Like northern French, Occitan was called roman(s) when contrasted with Latin (and with Basque as well). Texts of local import (contracts, ordinances, records and the like) were usually referred to as being in a geographically designated language, but names such as gascon (in Gascony), biarnes (in Bearn), tolzan (in the County of Toulouse) and the like, as usual with such glossonyms, did not necessarily designate linguistically distinct dialects; Bearnese, for example, is but a variant of Gascon, and old documents in either of these often do not present some of the most salient characteristics of these dialects, such as the replacement of f by h.

But the poetry of the troubadours, which was read all over the Occitan territory and outside it (in northern France, Italy and Catalonia), was considered by native Occitan-speakers to be simply in roman. Italians called the language provenzale, a reasonable name in view of Provence’s proximity to Italy. (The troubadour Raimbaut de Vaqueiras, who was from Provence and lived in Italy, has his language called pro[v]enzalesco – to rhyme with to[d]esco – by an Italian-speaking character in one of his poems.) From Italian, “Provençal” was adopted as the name of the language in other European languages, and has been so used until recently.

Catalans, on the other hand, named it lemosi (llemosí in modern Catalan spelling), after the Limoges region, even though this is the Occitan-speaking district that is perhaps the farthest from Catalonia. But there was a tradition that the Limousins spoke the “best” Occitan; it can be found explicitly in the fourteenth-century text Leys d’amor (a kind of textbook on the writing of troubadour poetry), and a sixteenth-century Italian scholar named Giovanni Maria Barbieri compared the role of Limousin for the troubadours to that of Tuscan for Italian poets.

The troubadours’ language itself was a kind of supradialectal koiné – not a standard in the modern sense, but a blend of dialects, in which word forms from different dialects were often used in the same poem for purposes of rhyme or subtext, similar to Robert Burns’ blend of Scots and standard English (in which he would variously use, say, go, gae and gang). At least this was true from the late eleventh to the early thirteenth century, when Occitan poetry was written and read (and sung) over a large, culturally cohesive territory that was joined by dynastic ties among the ruling houses. This cohesion was lost after the Albigensian Crusade, when the most central part of the territory – the region that came to be called Languedoc – was taken over by the crown of France.
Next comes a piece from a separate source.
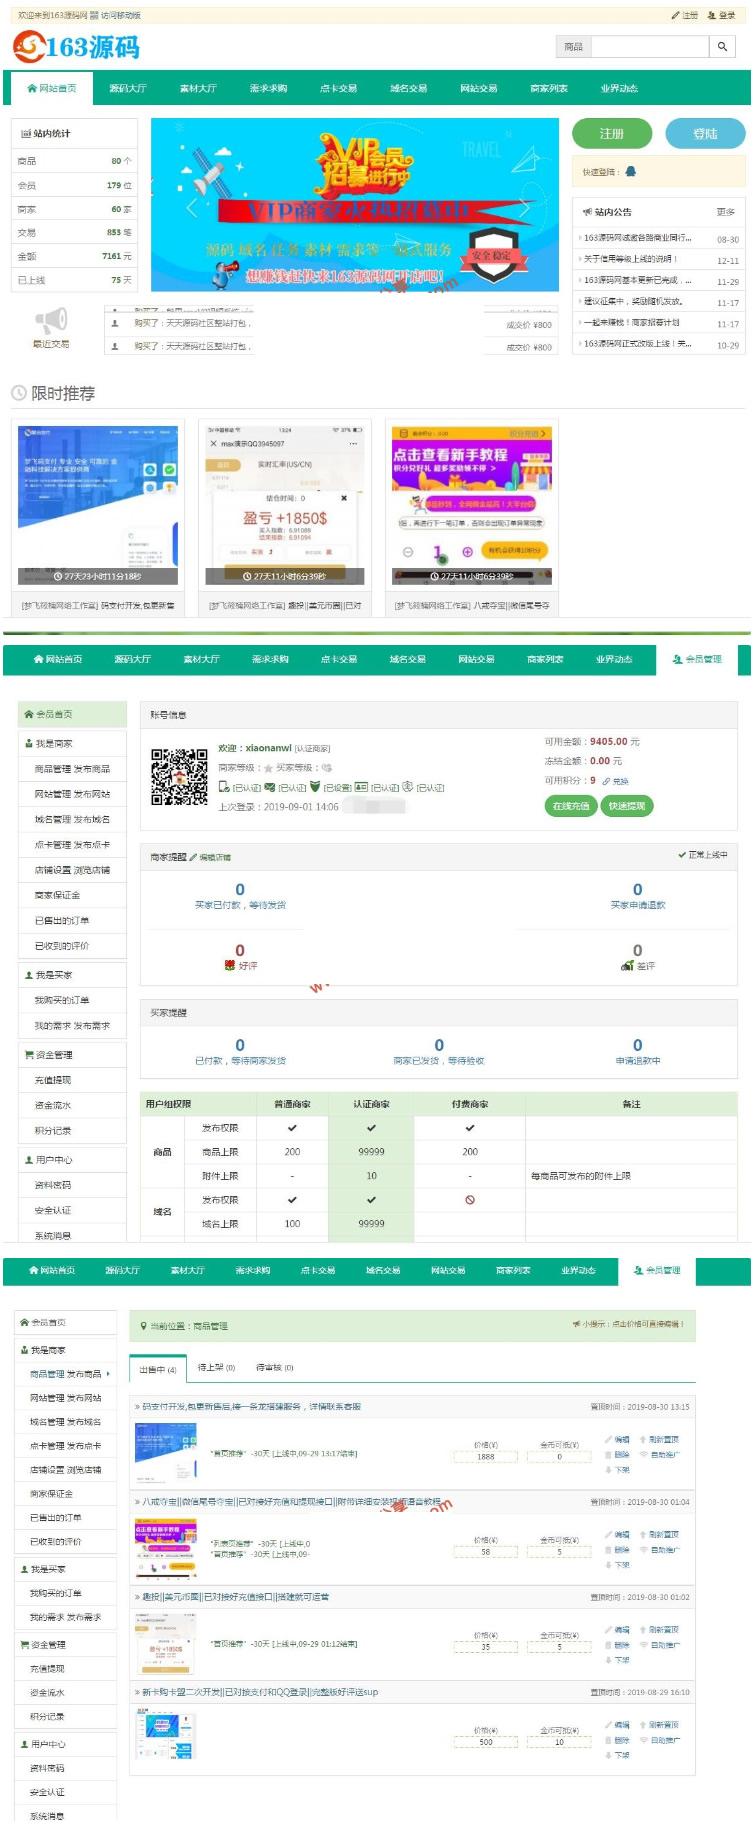 163源码网整站打包-NZ源码交易平台虚拟交易系统 第1张

Catalonia, in particular, was now culturally isolated, and the language of Catalonian troubadours came more and more to be infused by Catalan (which, though technically not an Occitan dialect, is sufficiently close for such infusions to take place). The process, however, was gradual and seems to have taken place unconsciously, so that the poets continued to think of themselves, even when writing essentially pure Catalan, as writing in llemosí. Eventually this word (and its Spanish form lemosín) became a synonym for written Catalan (except that Valencian writers, from about 1400 on, called their variant of it valencià). When the Bourbon king Philip V of Spain finally conquered Catalonia in 1714 and issued a decree banning Catalan from official use, he referred to it as lemosín. The term continued to be used well into the nineteenth century, partly as a way avoiding the imposition of català on Valencians and Balearic Islanders (for, while in English it is possible to differentiate between “Catalan” [pertaining to the language and culture] and “Catalonian” [pertaining to the land of Catalonia], Catalan itself allows no such distinction). Llemosí was dropped only when Romance linguistics clearly showed that what Catalan-speakers meant by it was really nothing like the dialect of Limoges.
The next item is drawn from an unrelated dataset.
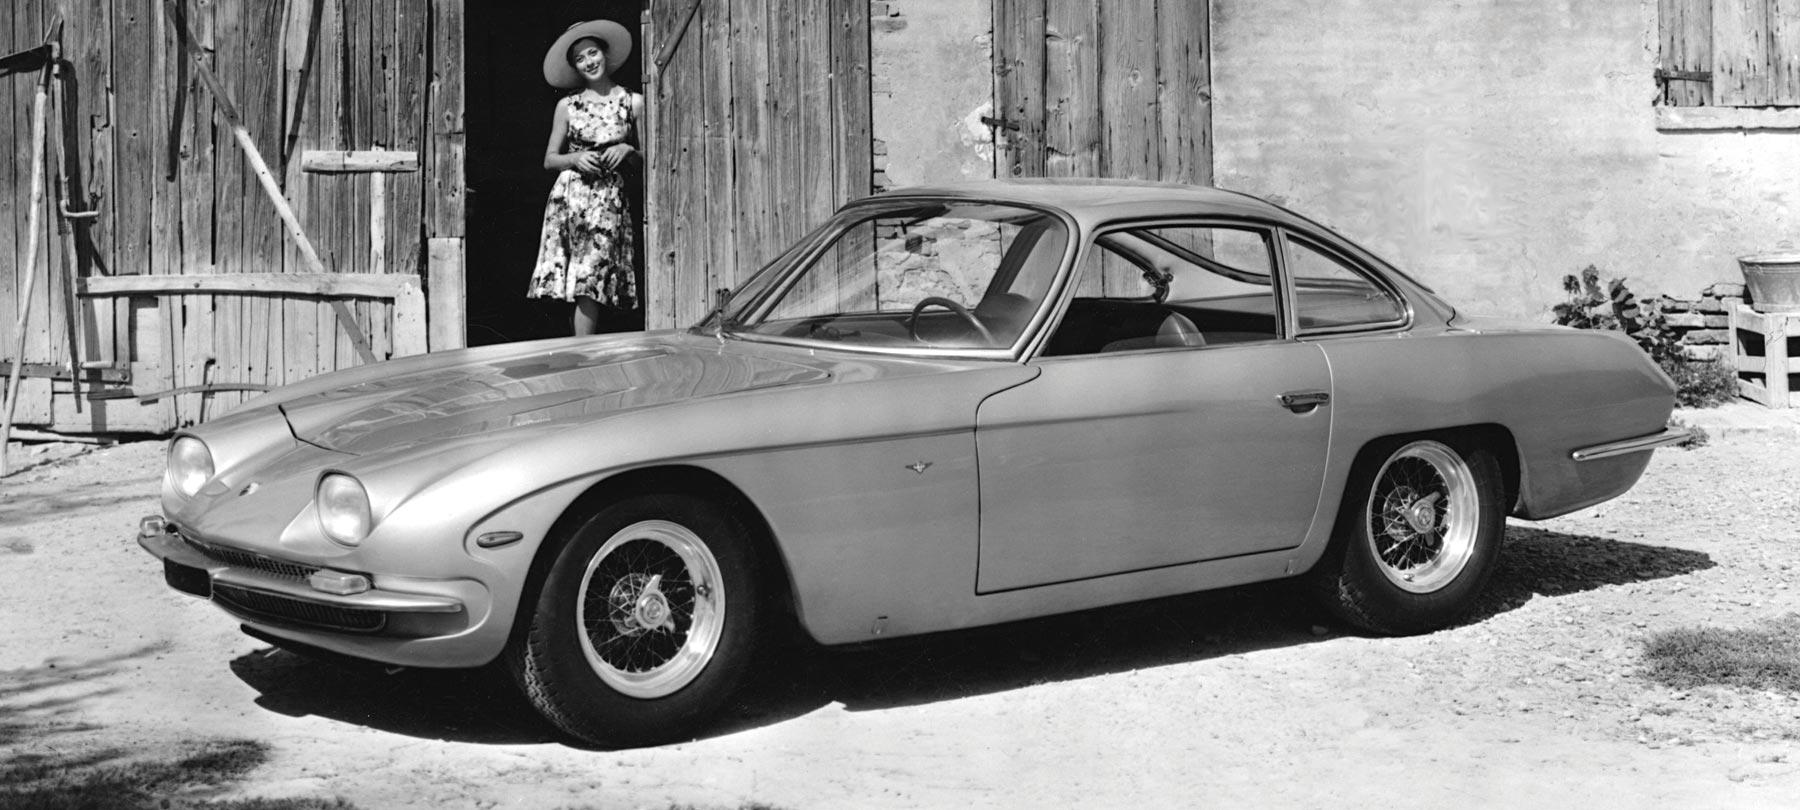 Lamborghini 400 GT. Year: 1964

The glossonymy of Catalan remains problematic. The first major dictionary of the language, published in the 1930s, was called Diccionari català-valencià-balear. While in the Balearic Islands català has by now been generally accepted as the name of the official language, despite several formal differences between it and the Catalonian variant, in Valencia the question of whether the region’s historic language (now spoken only by a minority of the population) is to be called català or valencià has become a political football. On the insistence of those Valencians who call themselves “Valencianists” (as opposed to “Catalanists”), the Spanish Constitution exists in both a “Catalan” and a “Valencian” version, though one might need a magnifying glass to find the differences between them. The official position of the Valencian Academy of the Language is a compromise that seems to satisfy no one, namely, that the proper name of the language in Valencia is Valencian, but that this does not mean that it is a separate language from Catalan. (Something like this, however, is the case in Moldova, where the language officially known as Moldovan is essentially standard Romanian.)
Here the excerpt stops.